• Data records:
[Start of Attachment]

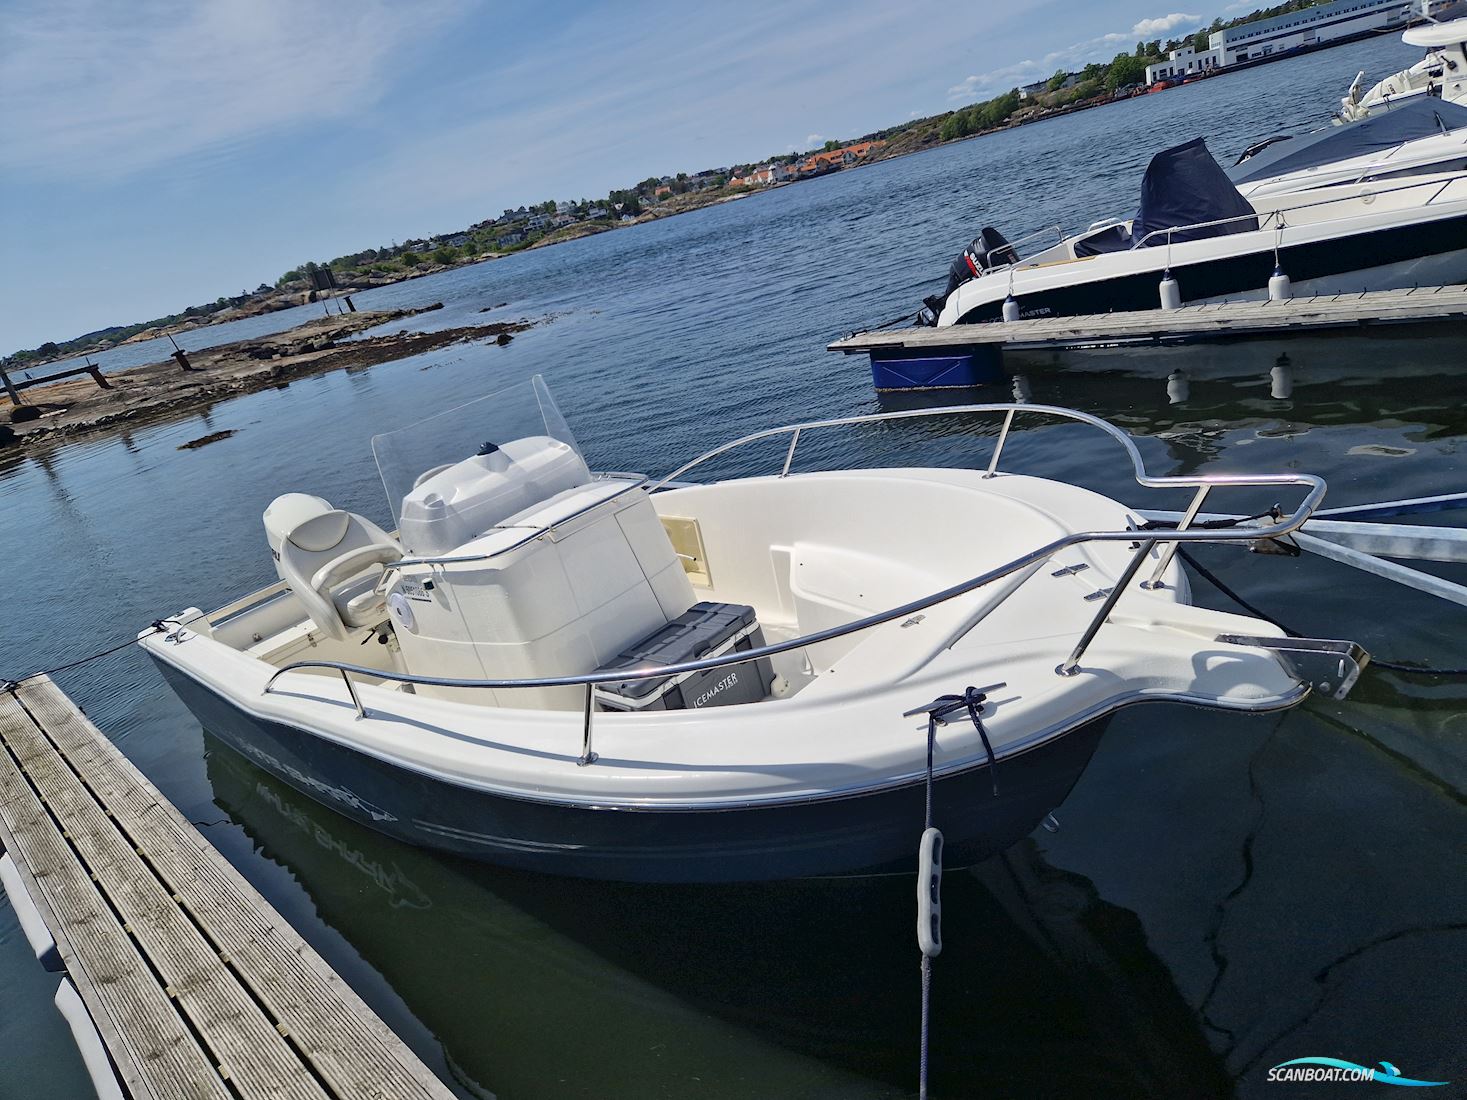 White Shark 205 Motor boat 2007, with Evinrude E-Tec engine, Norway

[End of Attachment]
[Start of Attachment]

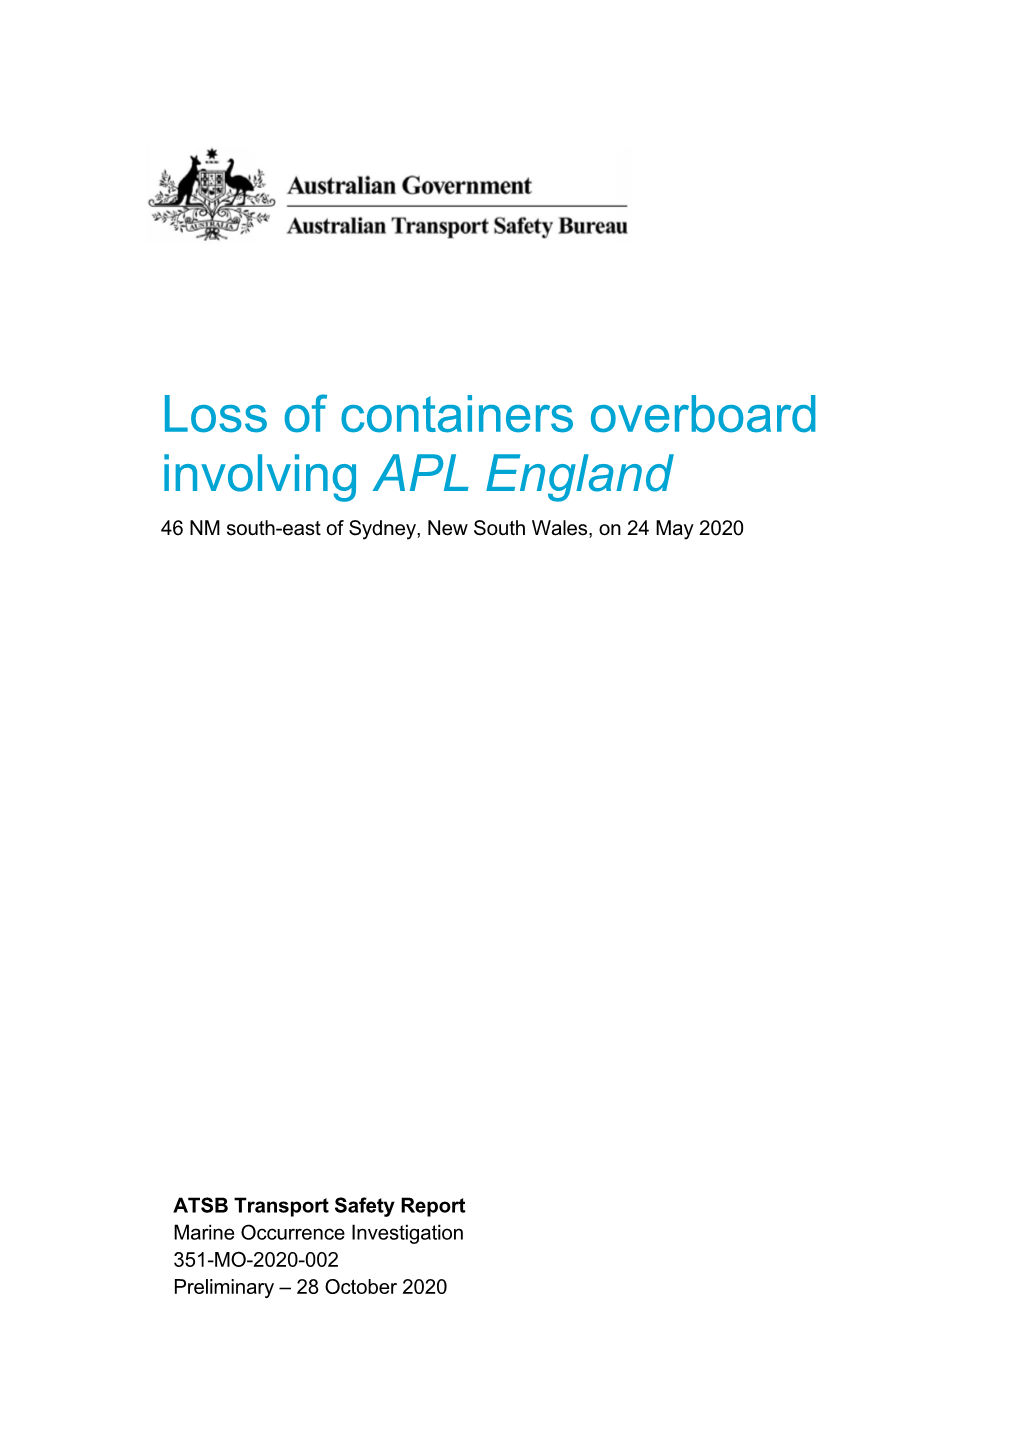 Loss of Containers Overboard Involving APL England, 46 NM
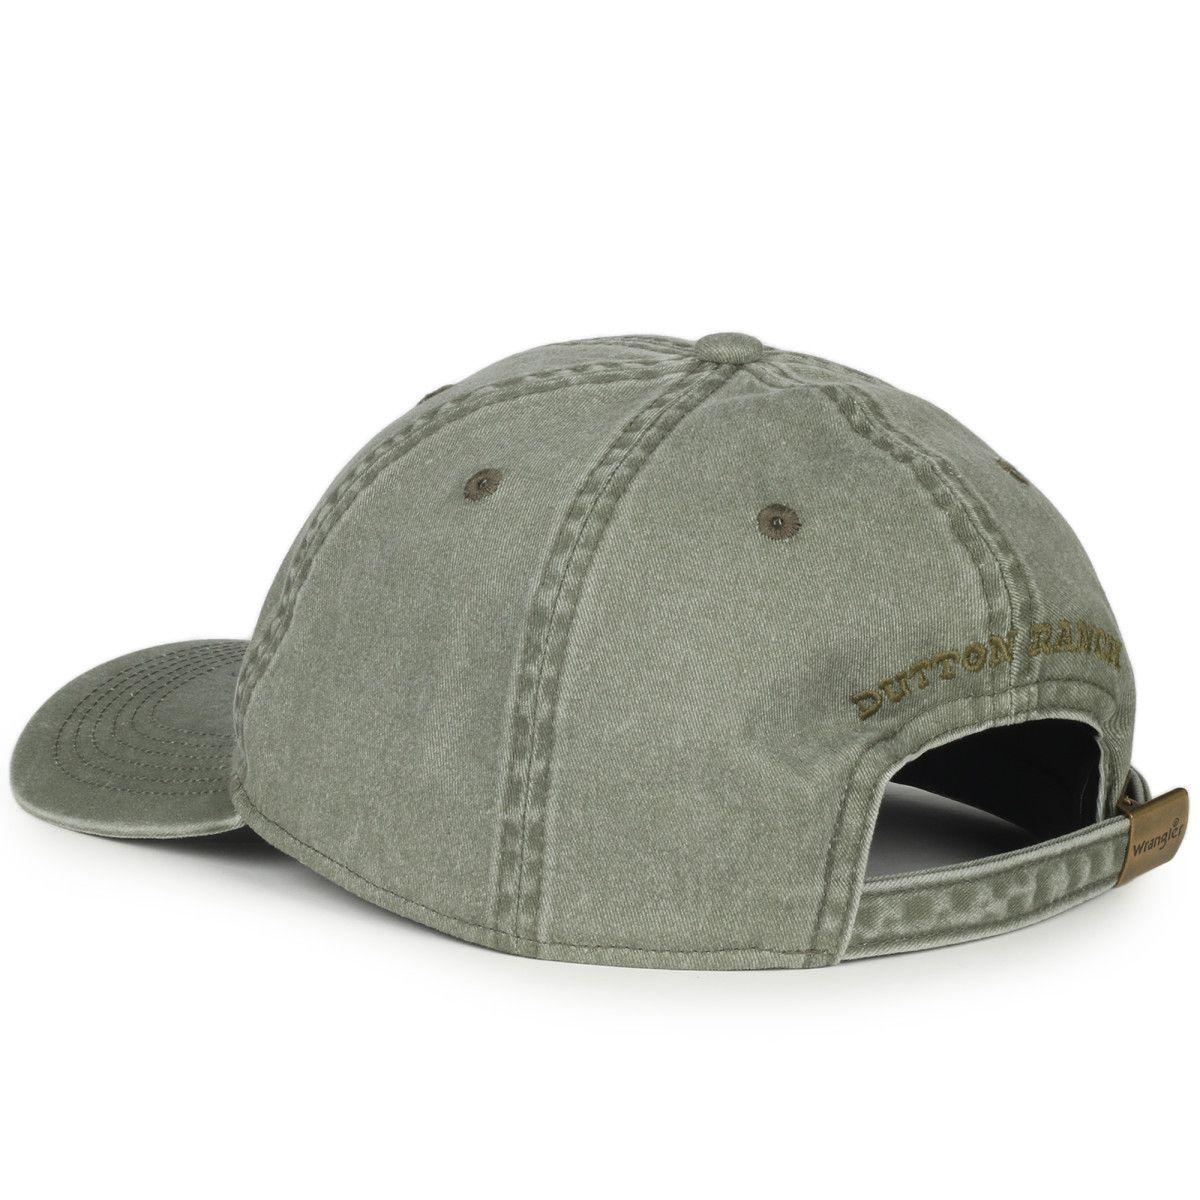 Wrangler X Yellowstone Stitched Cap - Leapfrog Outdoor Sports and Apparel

[End of Attachment]

Output exactly the lines of the listing above that start with the one holding "Loss of Containers" and go on through the one holding "Wrangler X Yellowstone"; leave the pictures out.

 Loss of Containers Overboard Involving APL England, 46 NM
 Wrangler X Yellowstone Stitched Cap - Leapfrog Outdoor Sports and Apparel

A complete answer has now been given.